Material provided:
==================================================

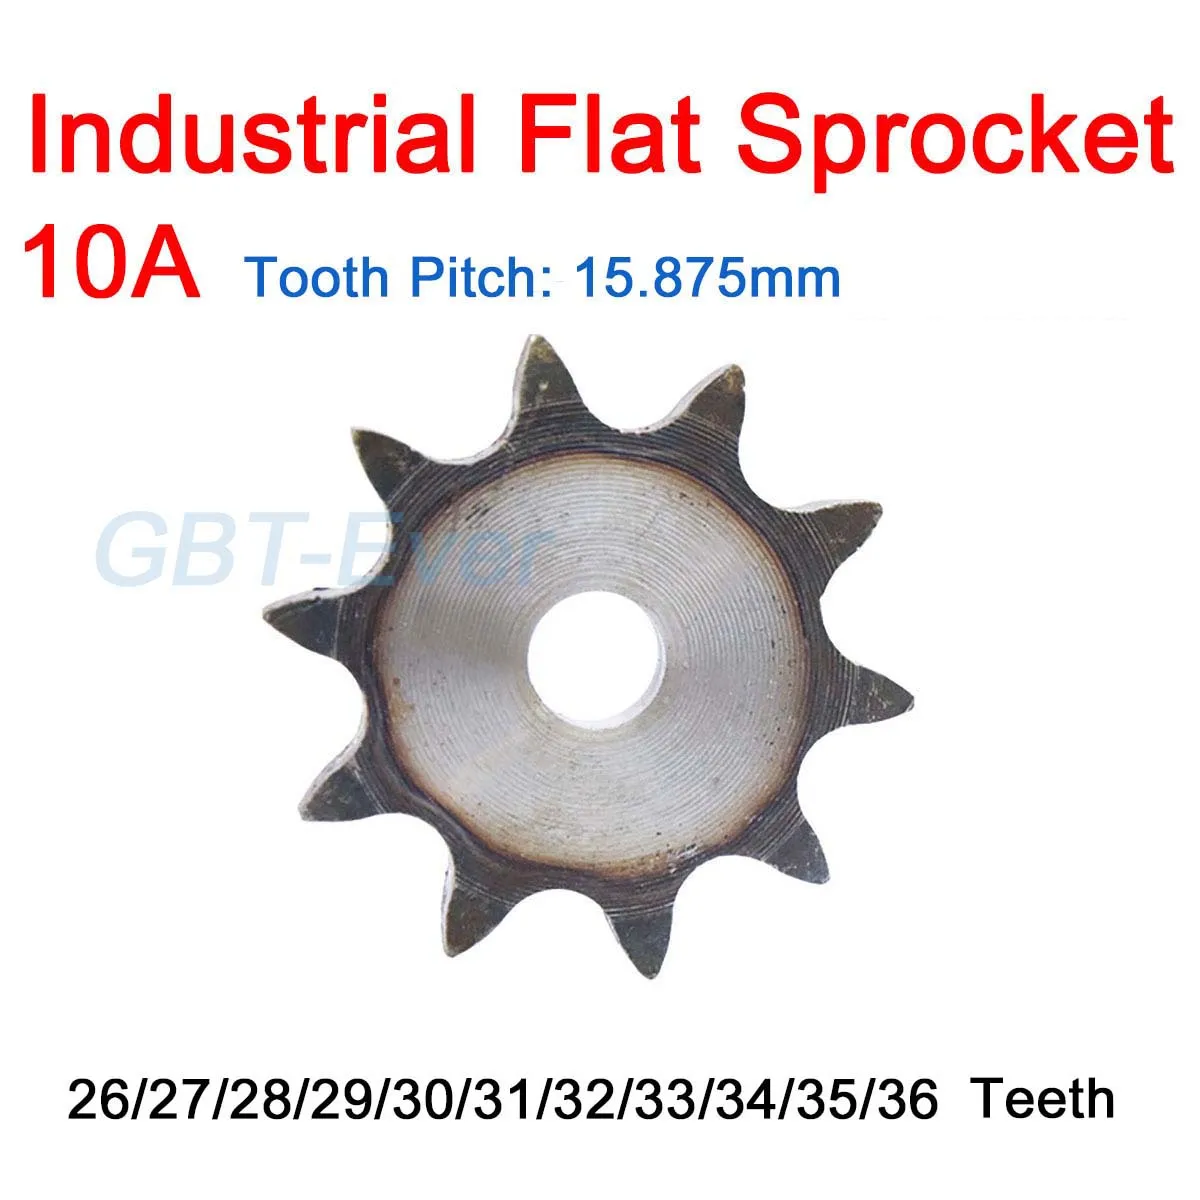 

1Pcs 10A 26-36 Teeth Chain Drive Flat Sprocket Carbon Steel Roller Chain Gear Tooth Pitch 15.875mm Industrial Sprocket Wheel
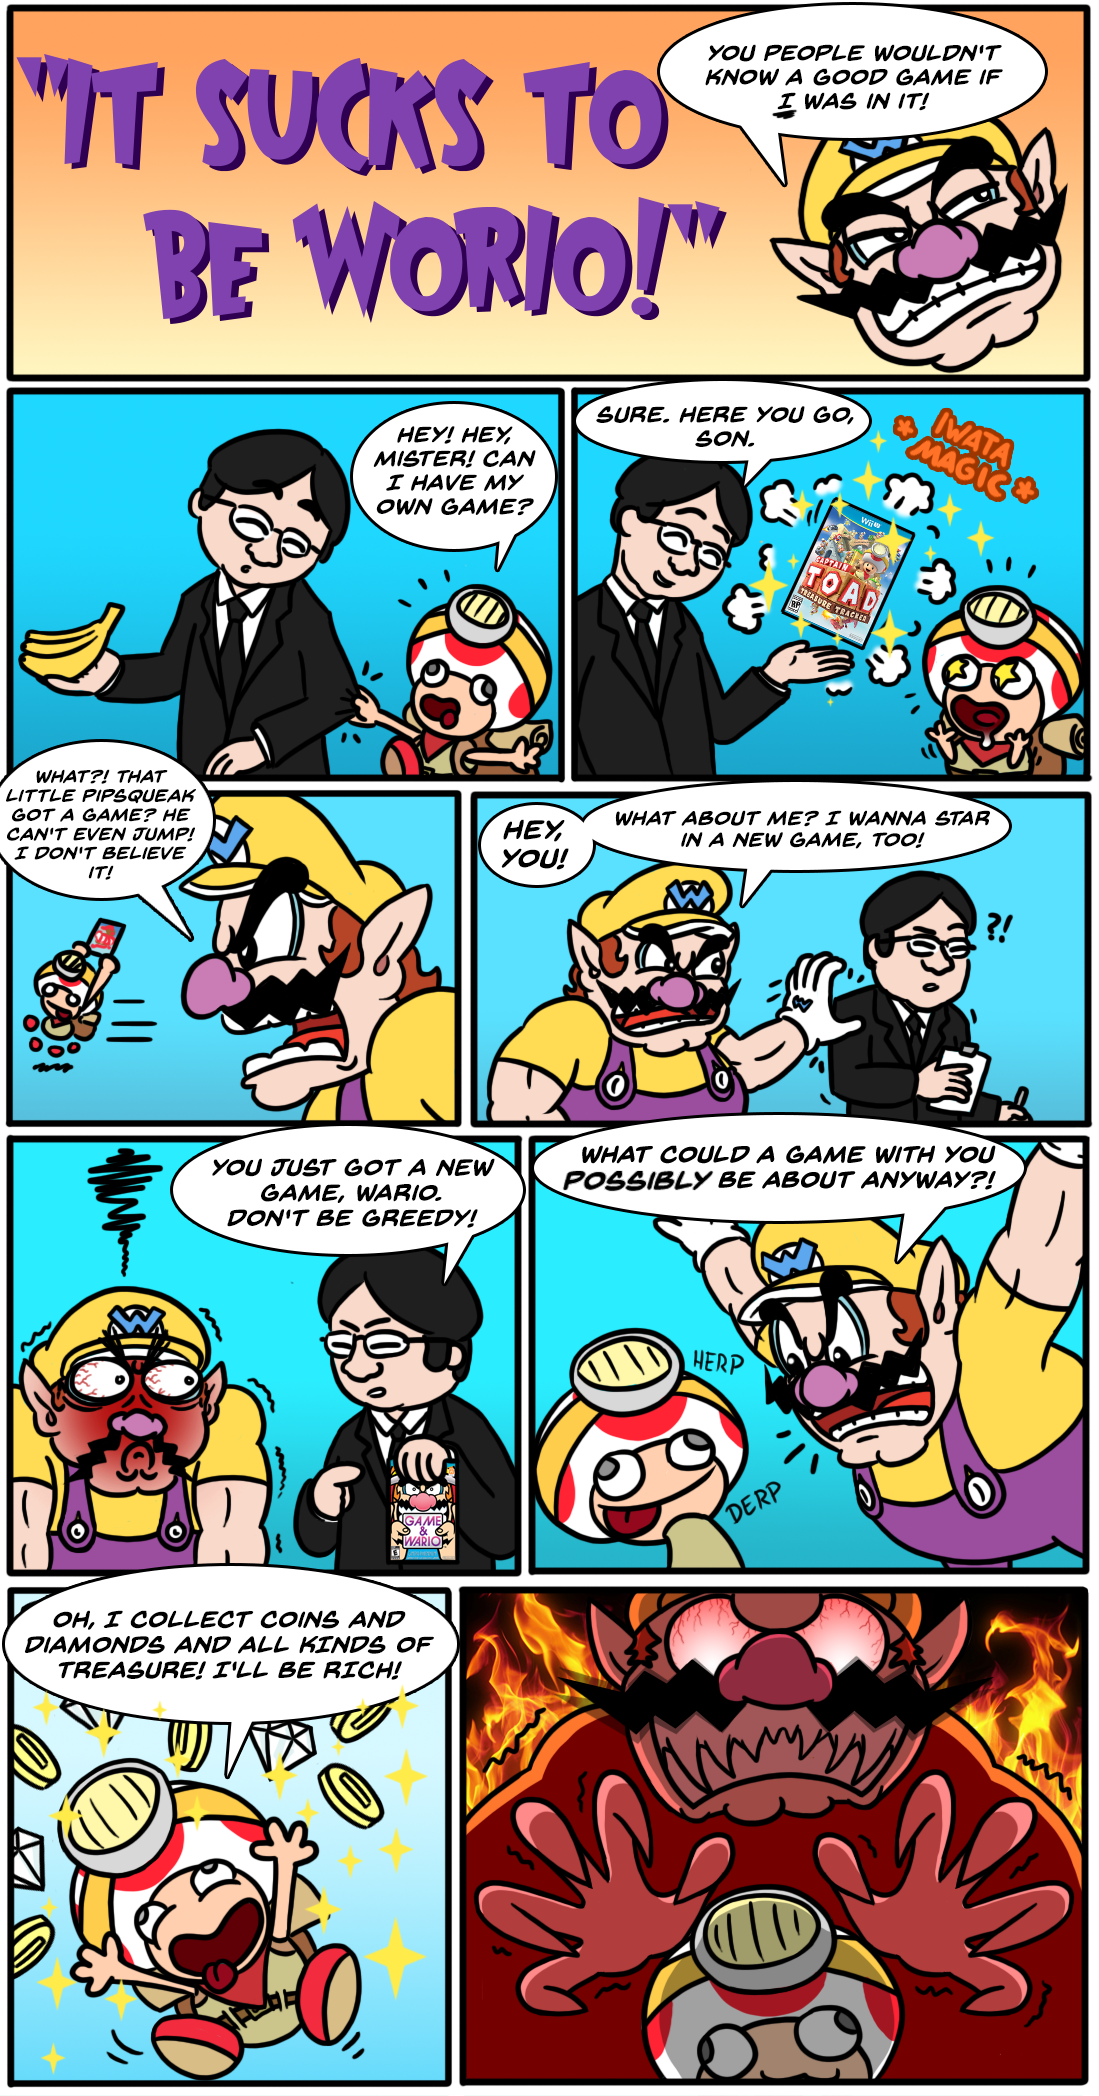 sucks_to_be_worio__starring_role_by_shyguyxxl-d7p3t99.png
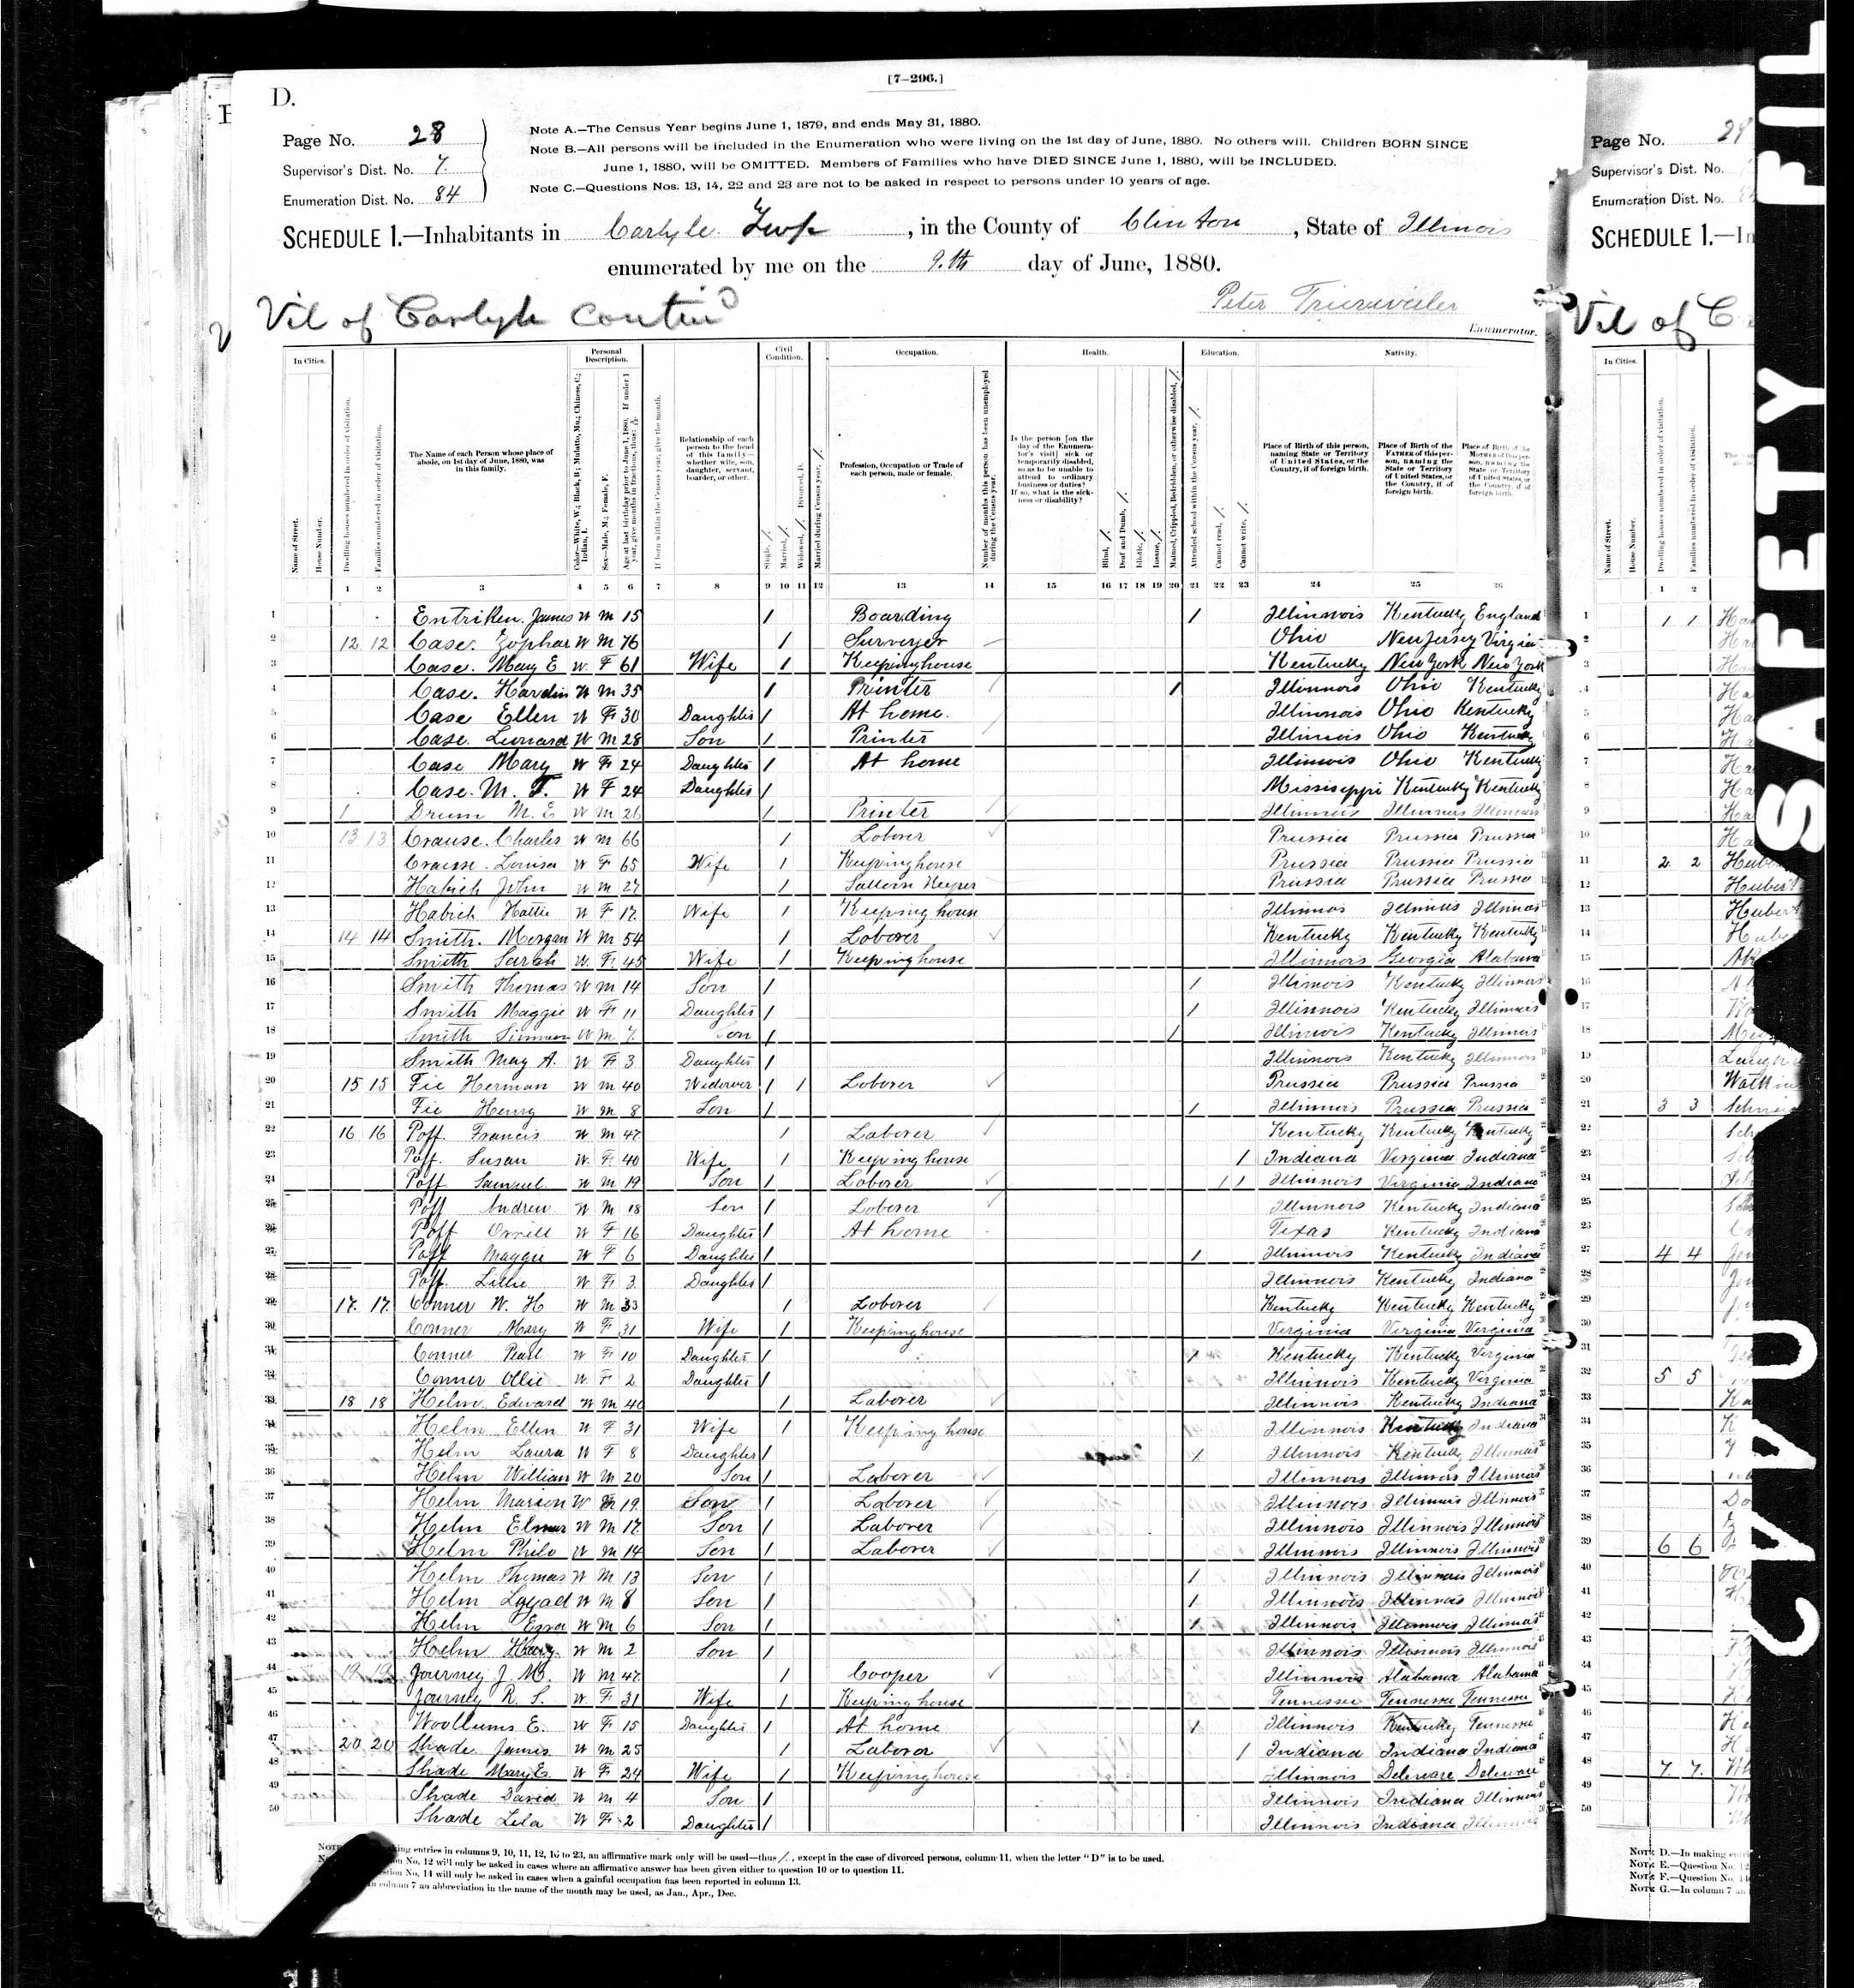 John M. Journey and wife Ritha S. (Walker) Woollums Journey, 1880 Clinton County, Illinois, census

==================================================

What this task involves:
Pictures are to be omitted. The lines from the line holding "sucks_to_be_worio__starring_role_by_shyguyxxl-d7p3t99.png" through the closing line of the data above are to be set down exactly, and nothing more.

Result of the exercise:
 sucks_to_be_worio__starring_role_by_shyguyxxl-d7p3t99.png
 John M. Journey and wife Ritha S. (Walker) Woollums Journey, 1880 Clinton County, Illinois, census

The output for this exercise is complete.